Оставалось проверить еще одну вещь. То, что они называли "подписью".
– Одежда? Обувь?
– Ничего нет. Как и у остальных.
– Расстегни до конца. Я хочу видеть все.
Сакай расстегнул молнию до самых ног. Босх не знал, известно ли Сакаю о подписи, но не собирался об этом упоминать. Наклонившись над трупом, он сделал вид, что осматривает его полностью, хотя на самом деле его интересовали только ногти на пальцах ног. Ступни были черными и потрескавшимися. Ногти тоже потрескались, на нескольких пальцах их вообще не осталось. Тем не менее краска на пальцах все же сохранилась, хотя и поблекла от времени, пыли и продуктов разложения. А на большом пальце правой ноги виднелась подпись – по крайней мере то, что от нее осталось. Крошечный белый крестик – фирменный знак Кукольника. Убийца наносил их на тела всех своих жертв.
Сердце Босха отчаянно заколотилось. Оглядевшись по сторонам, он обнаружил, что у него начинается приступ клаустрофобии. Мозги окончательно разъехались в разные стороны. Если это тело по всем известным параметрам не отличается от других жертв Кукольника, тогда получается, что и сейчас убийца – он. Но если Черч убил эту женщину, а теперь уже и сам умер, кто же тогда оставил записку в дежурной части?
Выпрямившись, он впервые целиком окинул взглядом обнаженное тело, сморщенное и забытое.

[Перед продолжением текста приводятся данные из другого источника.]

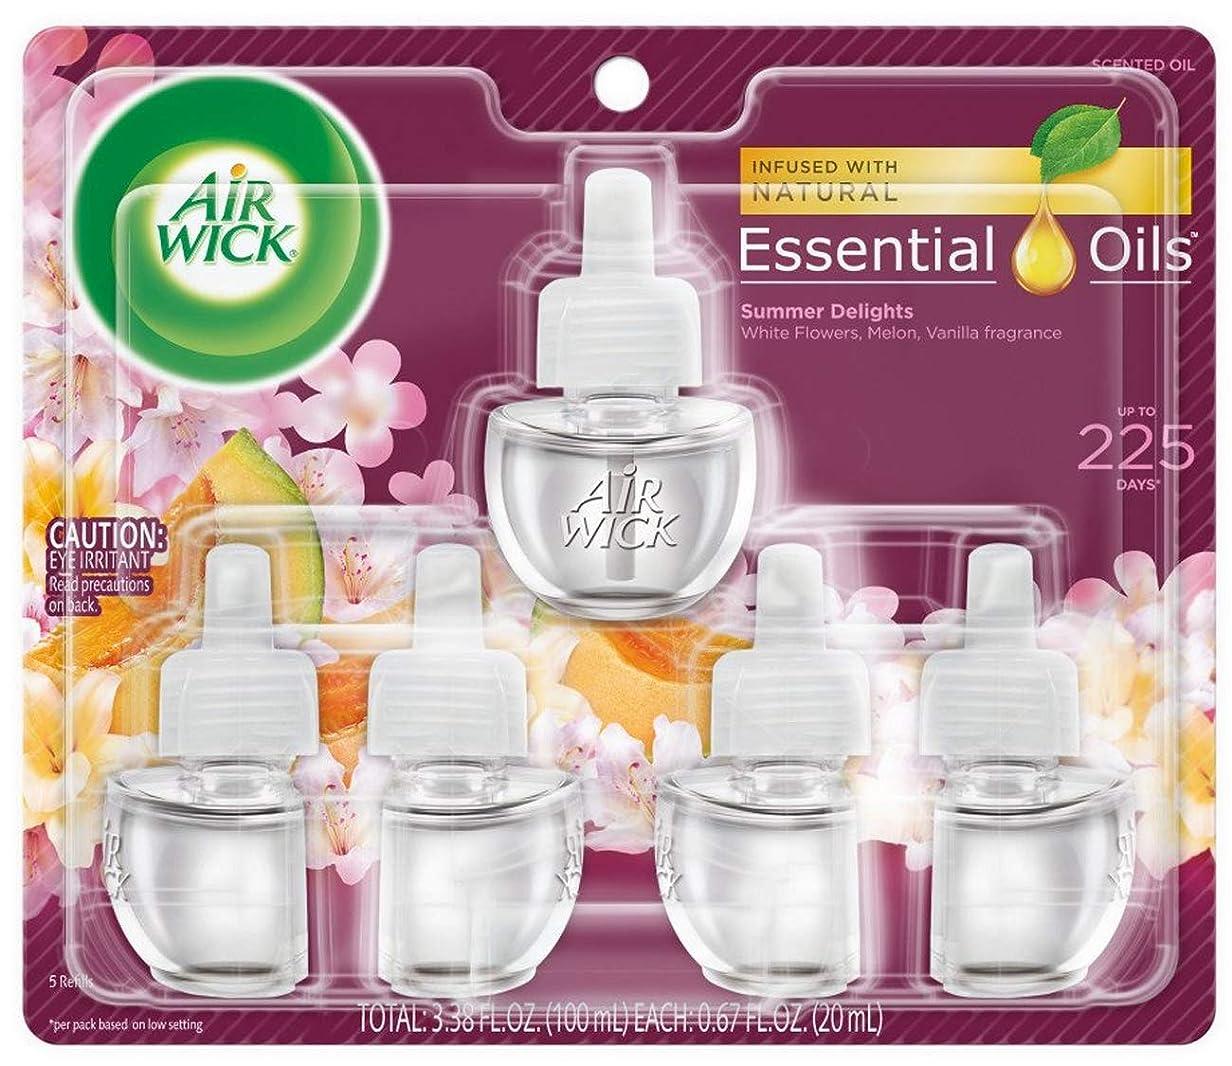 規定印象的とにかくエアーウィック オイル プラグイン 詰替ボトル フレグランス 芳香剤 サマーデライト 20ml 5個セット Air Wick 海外直送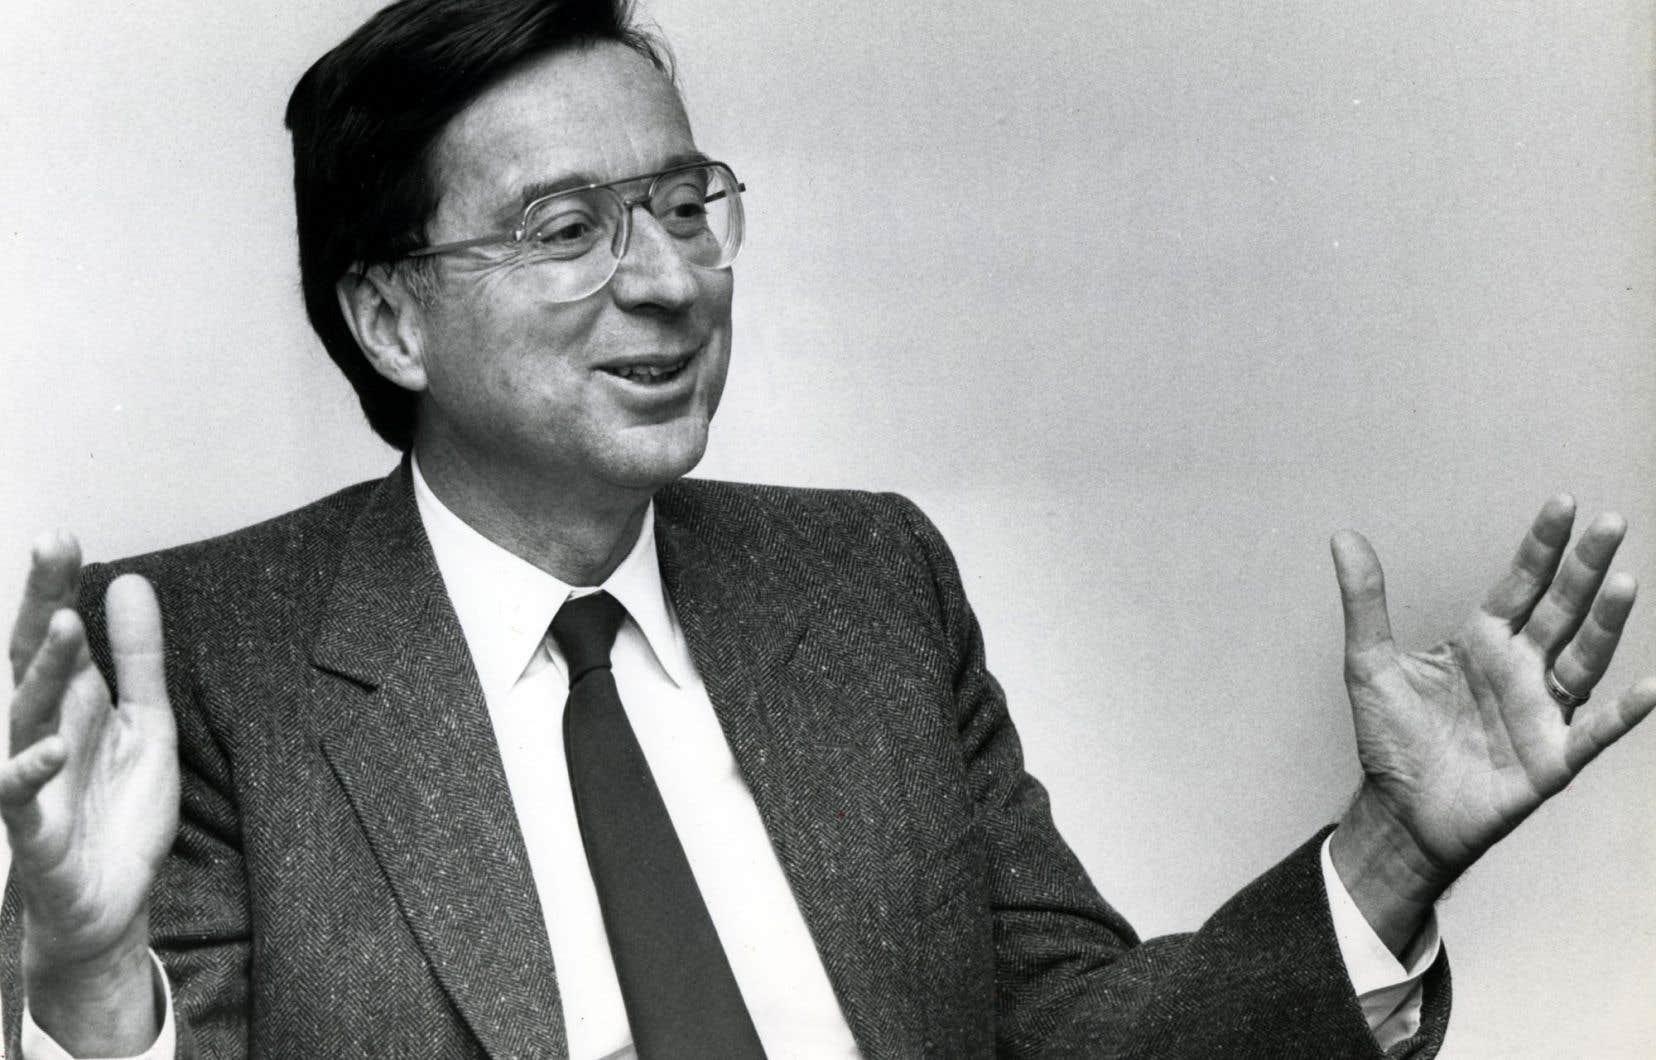 À l'automne 1989, l'auteur était chroniqueur sur la colline parlementaire de Québec pour le compte du journal «Le Soleil» et recevait des informations privilégiées provenant directement du bureau du premier ministre, Robert Bourassa.

Может быть, там, под слоем бетона, лежат и другие тела?
– Закрывай, – сказал он Сакаю.
– Ну что, это он? – спросил Сакай. – Кукольник?
Босх ничего не ответил. Выбравшись из фургона, он расстегнул свой комбинезон – надо же впустить внутрь хоть немного воздуха.
– Эй, Босх! – позвал оставшийся в автофургоне Сакай. – Мне просто интересно – как же вы все это нашли? Если Кукольник мертв, то кто подсказал вам, где искать?
Не ответив и на этот вопрос, Босх медленно направился в сторону навеса. Похоже, оставшиеся все еще не решили, как именно нужно удалять бетон, в котором нашли тело. Стараясь не запачкаться, Эдгар стоял в сторонке. Босх подал знак ему и Паундсу, и они втроем собрались слева от канавы – там, где их не могли услышать.
– Ну что? – спросил Паундс. – Что мы имеем?
– Похоже на работу Черча, – сказал Босх.
– Черт! – сказал Эдгар.
– Почему ты так уверен? – спросил Паундс.
– Из того, что я видел, ясно, что совпадает каждая деталь. Включая подпись. Она тоже там.
– Подпись? – переспросил Эдгар.
– Белый крестик на ноге. Во время расследования мы сохранили это в тайне, заключив соглашения с репортерами, чтобы они об этом не сообщали.
– А может, Кукольнику кто-то подражает?
– Может быть. Публика не знала о белом крестике до самого окончания расследования. А потом Бреммер из "Таймс" написал об этом деле книгу и упомянул про крестик.
– Ну, значит, это подражатель! – заявил Паундс.
– Все зависит от того, когда она умерла, – сказал Босх.
– Его книга вышла через год после смерти Черча. Если она убита после этого, мы имеем дело с подражателем. Если ее закатали в бетон раньше, то я не знаю…
– Черт! – сказал Эдгар.
Немного подумав, Босх потом заговорил снова:
– Тут есть несколько вариантов. Это дело рук подражателя, или же у Черча был сообщник, о котором мы ничего не знали. Или же… я шлепнул не того, кого надо. Возможно, тот, кто написал записку, говорит правду.
Повисло неловкое молчание. Так бывает, когда на улице лежит собачье дерьмо, – все его осторожно обходят, стараясь не коснуться даже взглядом.
– А где записка? – спросил наконец Босх.
– У меня в машине. Могу принести. А что ты имеешь в виду, когда говоришь, что у него мог быть сообщник?
– Ну, если это сделал Черч, то кто прислал записку, если Черча уже нет в живых? Очевидно, это должен быть кто-то, кто знает, что это сделал Черч, и знает, куда он спрятал тело. Если дело обстоит именно так, то кто этот второй? Сообщник? Может, Черчу кто-то помогал убивать, а мы об этом до сих пор ничего не знали?
– Помните Хиллсайдского Душителя? – спросил Эдгар. – Оказалось, что это душители – во множественном числе. Двоюродные братья, которым нравилось убивать молодых женщин.
Паундс сделал шаг назад и удрученно покачал головой – такой поворот событий явно угрожал его карьере.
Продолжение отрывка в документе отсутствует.